Heute erstickt der Sabbat, bzw. der Sonntag nicht an festgelegten Verhaltensregeln, sondern er verliert seine Konturen, weil solche Regeln nicht mehr für nötig erachtet werden. Es geht nicht darum ein neues Regelkorsett für den Sonntag zu erschaffen. Das kann angesichts der religiösen Vielfalt unserer Gesellschaft gar nicht gelingen und muss auch nicht versucht werden. Solche Regeln vermögen den Sonntag nicht zu schützen. Jeder muss selbst wissen, wie seine persönliche Verbindlichkeit aussieht.
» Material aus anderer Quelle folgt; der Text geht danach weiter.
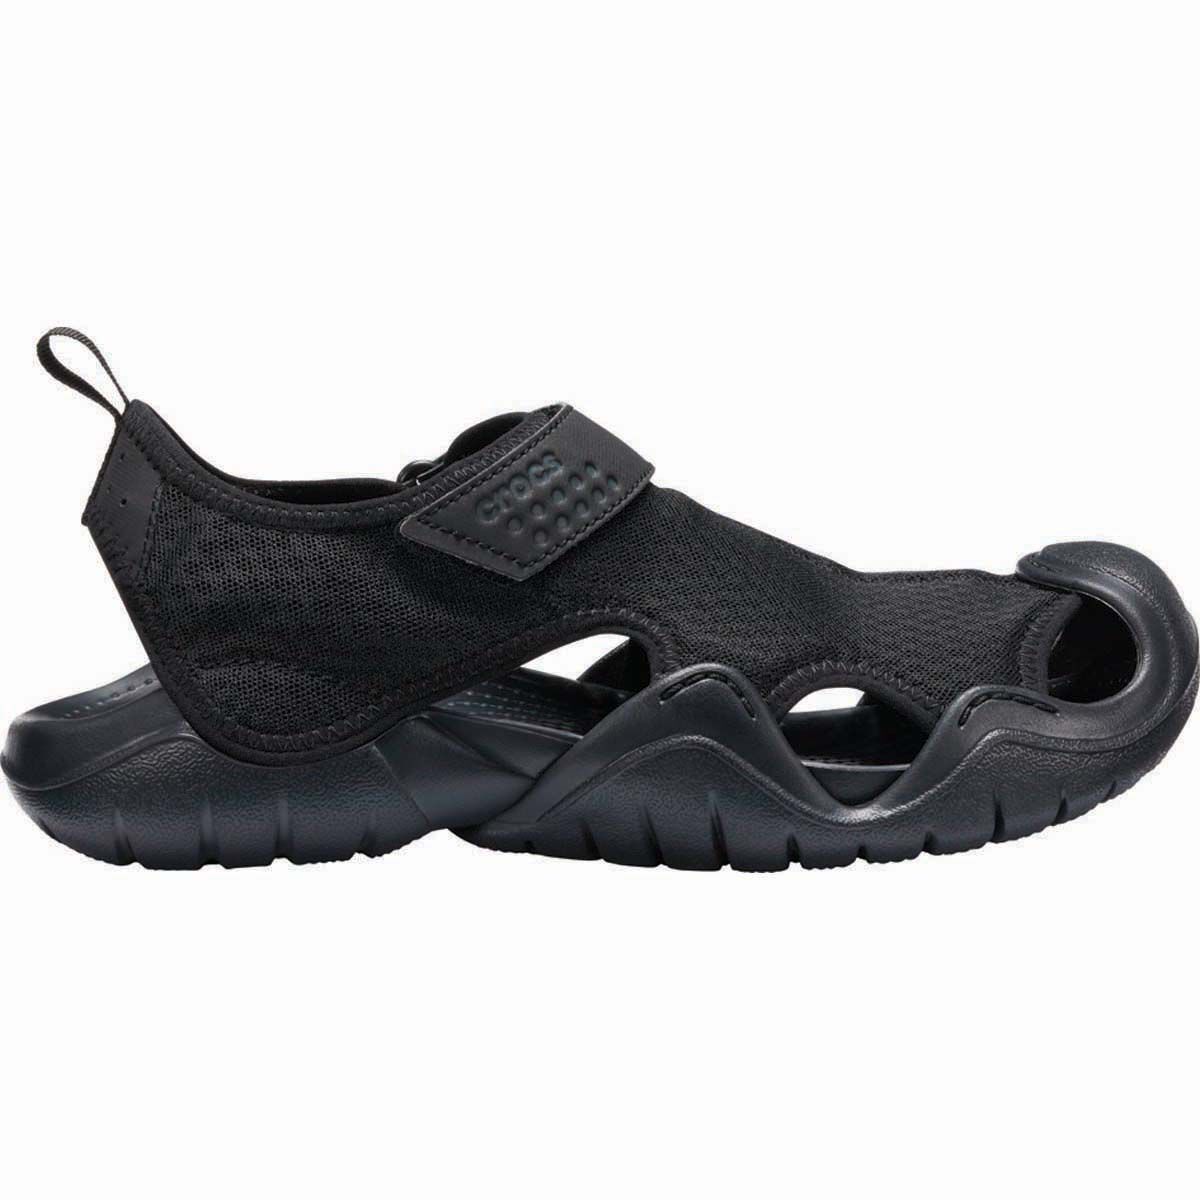 crocs water shoes canada

Wenn Christen den Sonntag so feiern, wie ihn Gott den Menschen geschenkt hat, provozieren sie heutige Zeitgenossen. Eine Sonntagspraxis, die auf persönlicher Verbindlichkeit beruht, strahlt aus und wirkt auf die Umwelt. Wer auf die Freiheit verzichtet am Sonntag zu arbeiten und einzukaufen, erlebt die Freiheit auszusteigen aus der Gleichförmigkeit der Tage und er kann neue Anfänge setzen. Wer hingegen jeden Sonntag durcharbeitet, wer den Sonntag zu einem normalen Handelstag machen möchte, zerstört diese Erlebnismöglichkeiten.
Leben, einfach nur leben
Der 1980 verstorbene jüdische Psychologe und Professor für Psychoanalyse Erich Fromm schreibt: „Am Sabbat lebt der Mensch, als hätte er nichts, als verfolgte er kein Ziel außer zu sein, das heißt seine wesentlichen Kräfte auszuüben - beten, studieren, essen, trinken, singen, lieben. Der Sabbat ist ein Tag der Freude, weil der Mensch an diesem Tag ganz er selbst ist. Das ist der Grund, warum der Talmud den Sabbat die Vorwegnahme der Messianischen Zeit nennt und die Messianische Zeit den nie endenden Sabbat; der Tag, an dem Besitz und Geld ebenso tabu sind wie Kummer und Traurigkeit, ein Tag, an dem die Zeit besiegt ist und ausschließlich das Sein herrscht."
Der Sabbat soll uns zeigen was Leben ist. Was brauchen wir? Die Ähren und das Brot - und die Freiheit und die Hoffnung. Amen.